Broadcom also announced a number of other CPO collaborators and “milestones toward mass deployment” of CPO, including production of its 51.2T CPO Ethernet switch in a pluggable, 3RU form factor by Delta Electronics; production by Micas Networks of the TH5-Bailly switch system; a production release from Foxconn Interconnect Technology of CPO LGA (Land Grid Array) sockets and other components; and Twinstar Technologies reaching “milestone volume shipments” of CPO fiber cables to enable scaling.

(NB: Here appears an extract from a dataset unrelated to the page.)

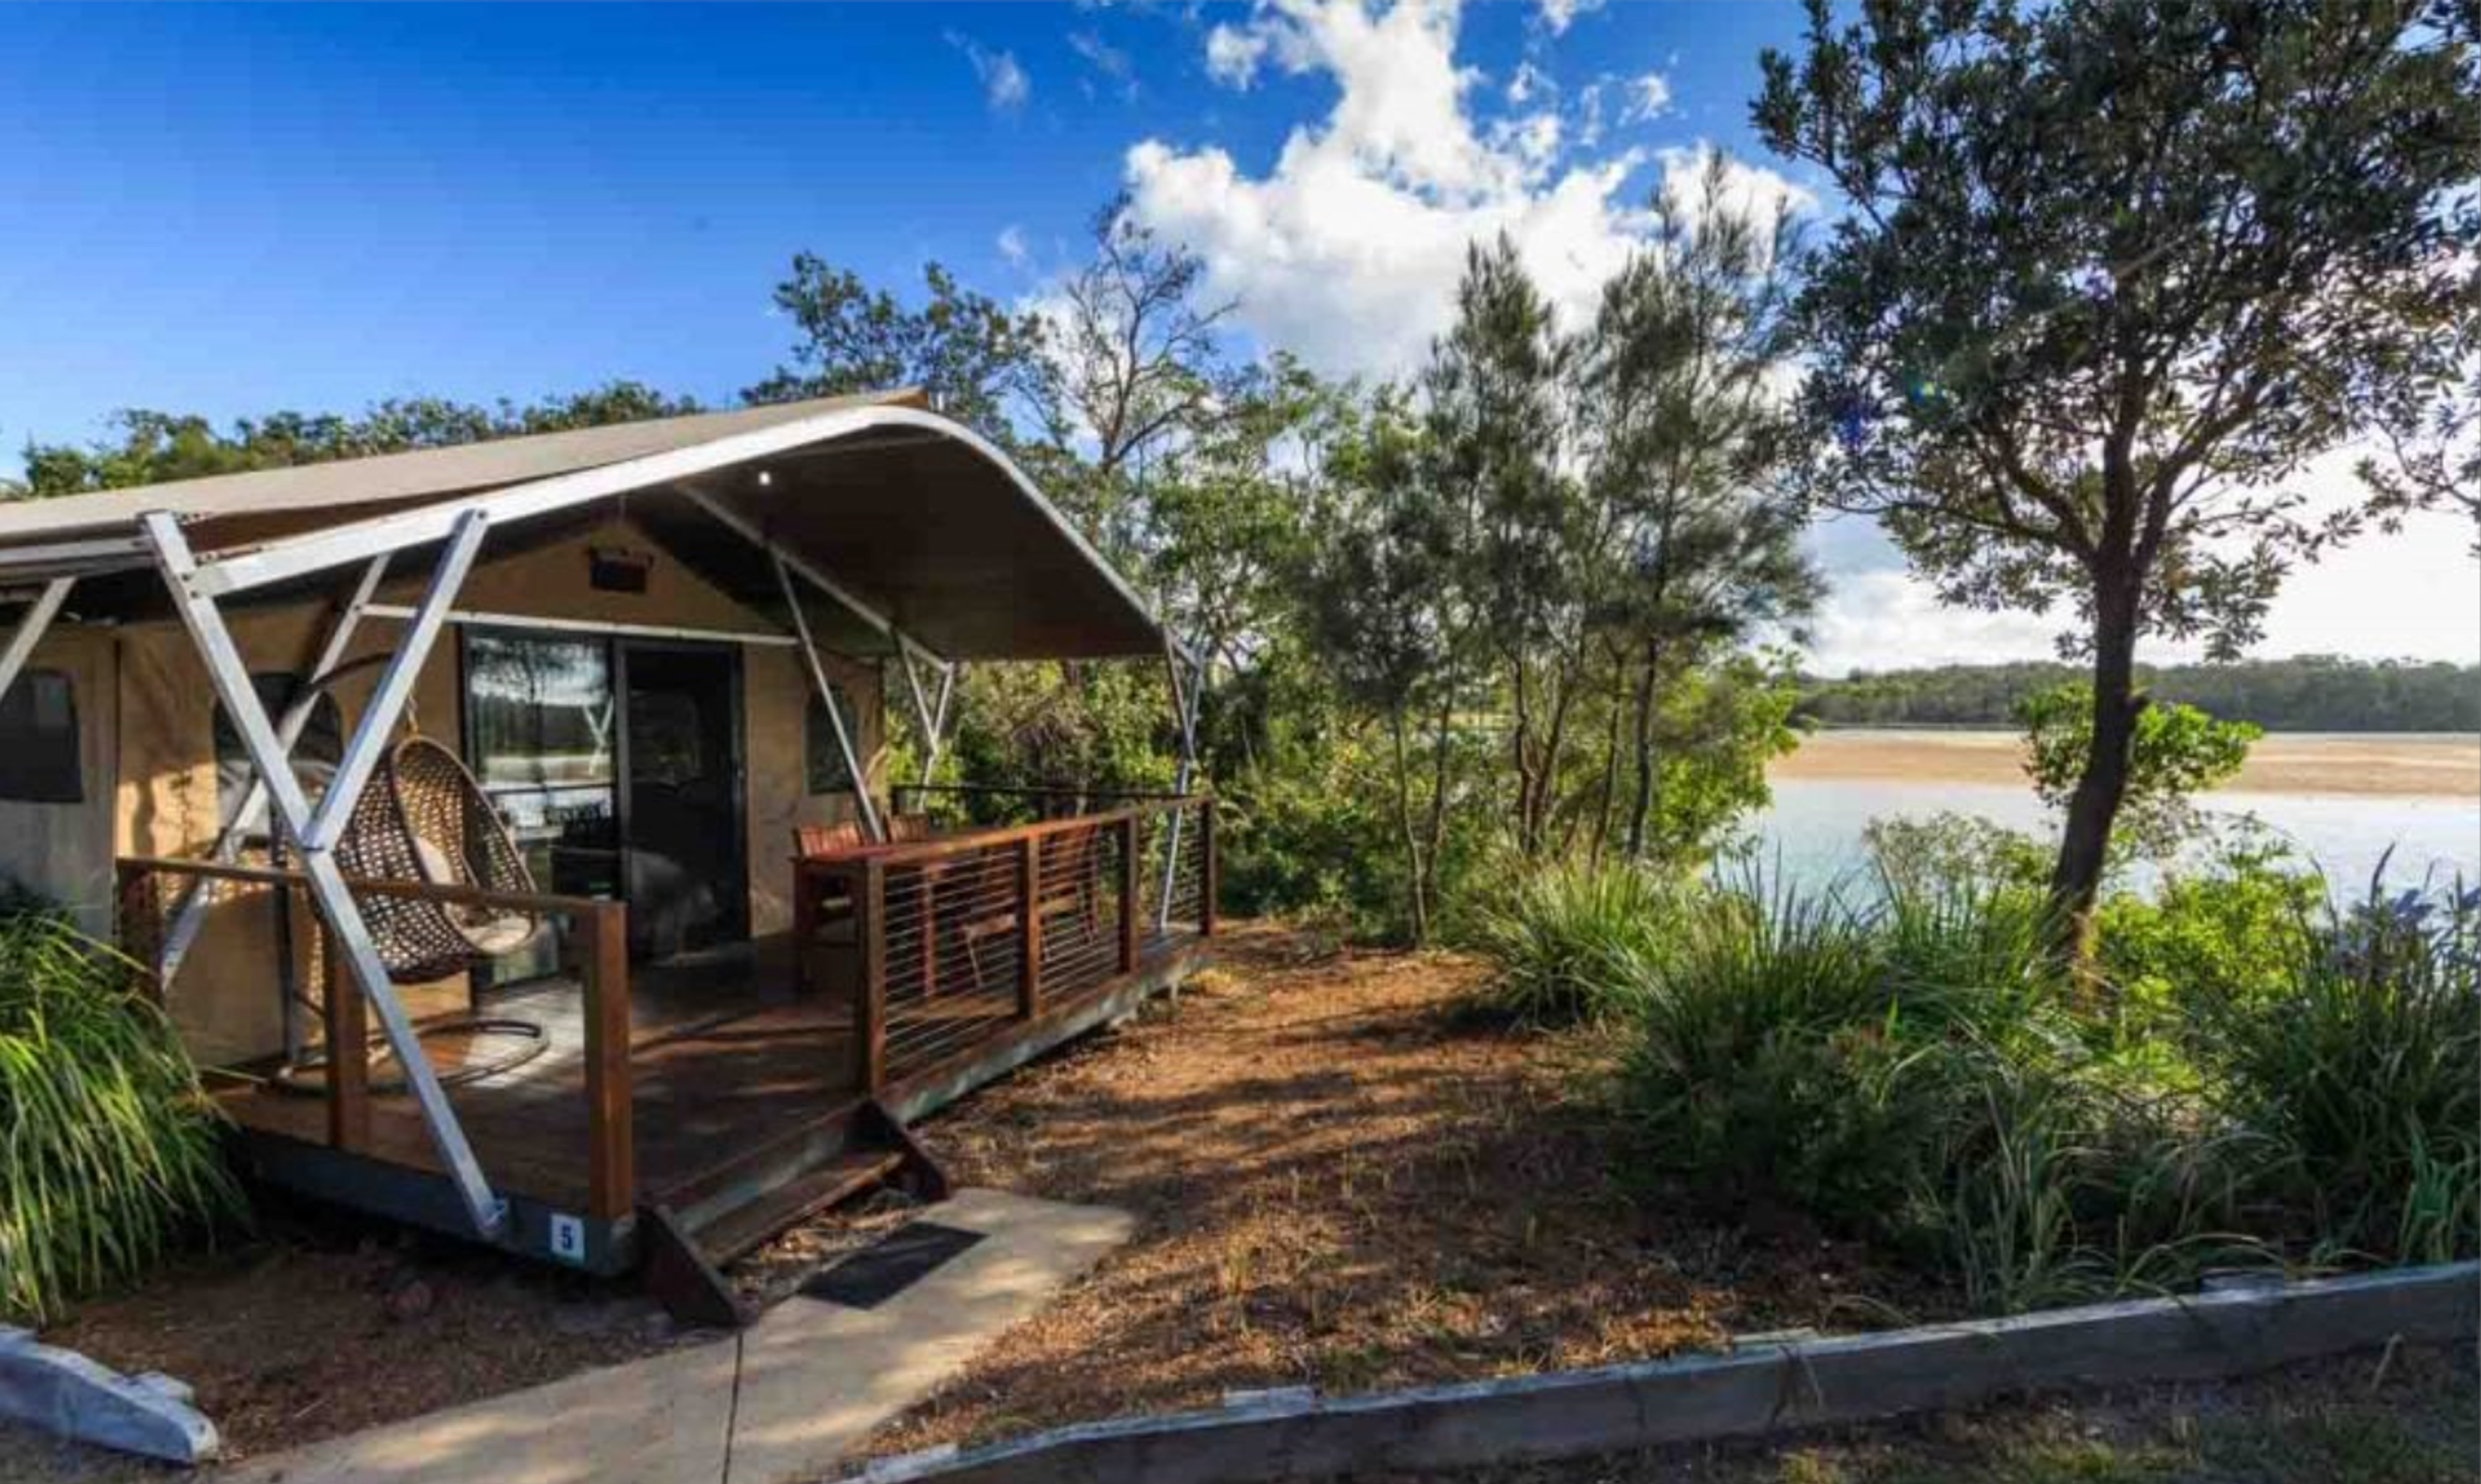 Reflections Red Rock holiday and caravan park glamping accommodation overlooking corindi river

Benoit Fleury, director of CPO business development at Corning Optical Communications, said that the latest Bailly CPO collaboration “enables unprecedented speeds and bandwidth concentrations with lower power consumptions and costs.”
Speaking at this week’s JP Morgan annual Global Technology, Media and Communications Conference, Corning CEO Wendell Weeks spoke confidently about the growth opportunities ahead of his company, despite global uncertainty around issues such as tariffs. Corning, he said, had “modeled the impact of different slowdown scenarios on our growth plan— including a shock case using the worst downturn in the last 25 years—and we were well within our risk adjustment.” Now these were just a couple of the many reasons we reiterated our high confidence plan despite the current global uncertainty. ”
One of the major reasons he cited was generative AI and the resulting optical demand. Weeks noted that Corning’s enterprise business—which includes sales of optical tech inside data centers—saw a record $2 billion in sales last year and earlier this year, the company upgraded its expected compound annual growth rate for the segment from 25% to 30%. This is being driven by the scale-out of data center networks, or the increasing numbers of connected AI nodes and the need to connect greater distances between GPU clusters with fiber.
“This opportunity alone is 2x to 3x the size of our existing $2 billion enterprise business, if we are successful technically,” Weeks added.
Weeks also specifically called out the newly announced Broadcom deal as an example of support for co-packaged optics or CPO.
“You’re going to hear a lot more about this area in the near future,” he added.